Anna Camner, born 1977, is a Swedish contemporary artist, based in Stockholm. Camner is a painter, known for her intense and meticulously executed paintings in oil on plexi glass board. She holds a master's degree from The Royal Academy of Art in Stockholm. Camner has exhibited in Stockholm, New York and London, and was the recipient of the Beckers Art Award in 2017.

Anna Camner's earlier work was focused on dark Vanitas themes; the paintings used to burst with foliage, flowers, insects, spider webs, snails and rodents, all in various stages of decay. The new body of work from 2015-2016 marks a clear departure from that.

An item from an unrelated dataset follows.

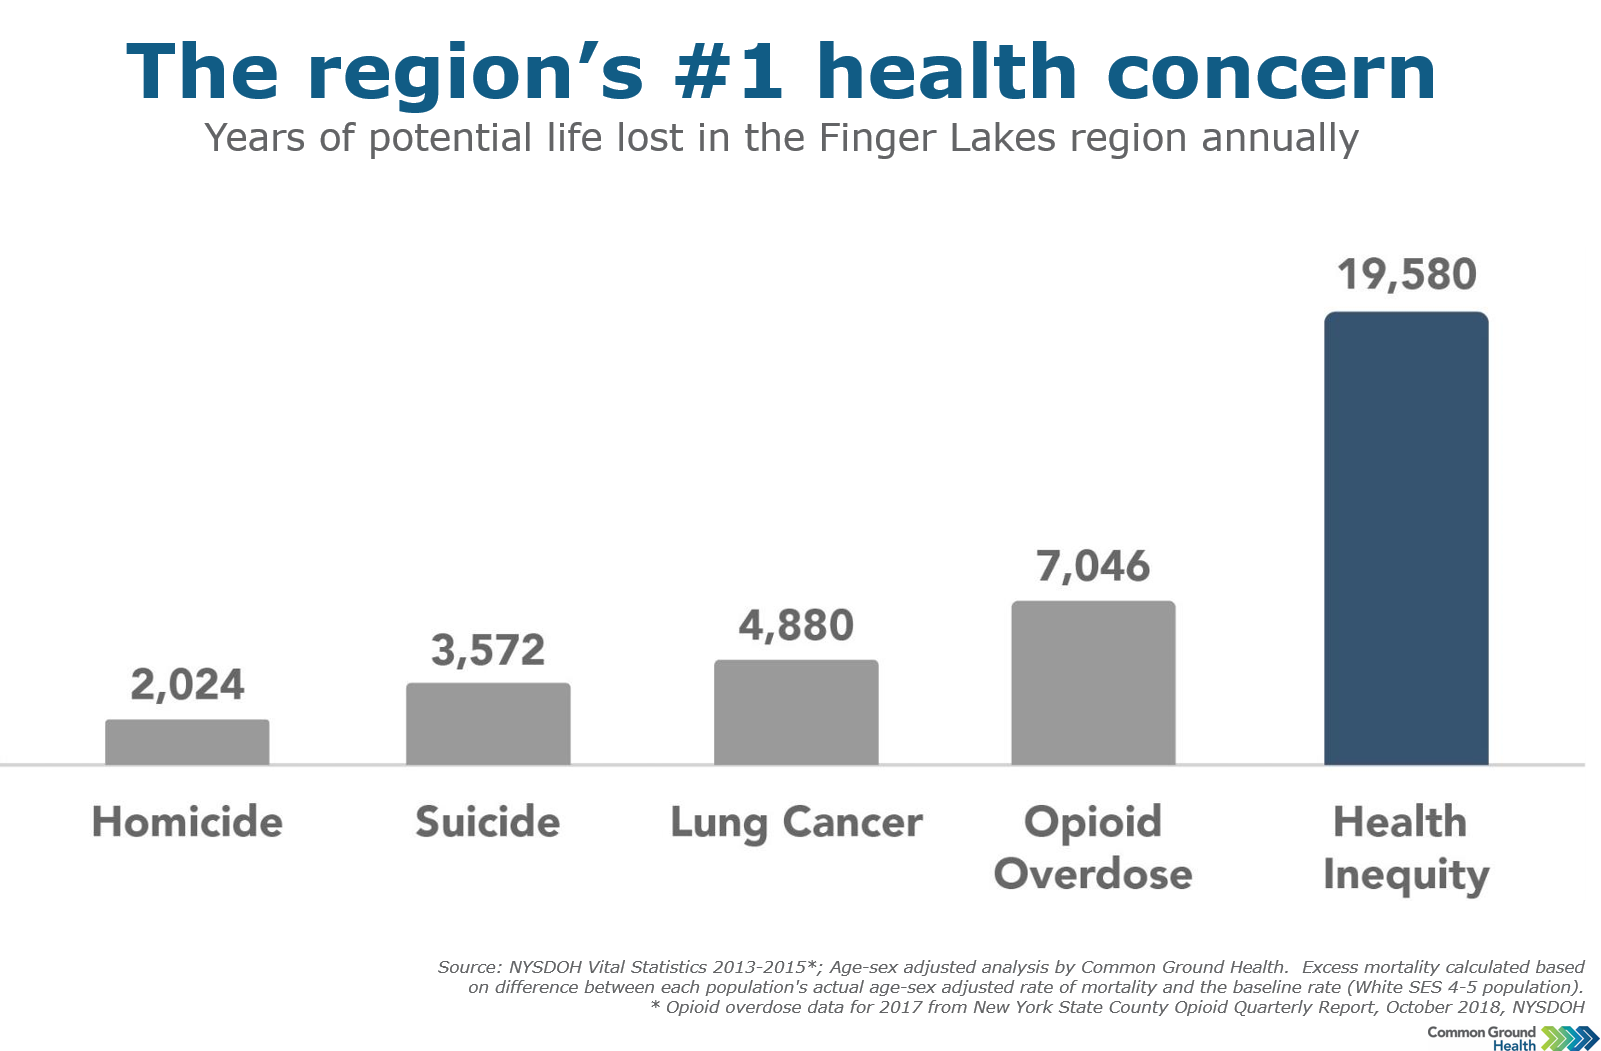 Health Inequity Causes Premature Death

Conceptually, the artist still moves in the dark borderland between life and death, but her subjects, always painted against a solid pitch black background, have been refined, given a stronger focus and a minimalist character, along with a sense of inherent mystery and uncertainty about whether the depicted subject is in fact alive or dead matter. The new body of work was exhibited in Stockholm and reviewed in a number of Swedish newspapers, such as Dagens Industri, Expressen,  and Svenska Dagbladet.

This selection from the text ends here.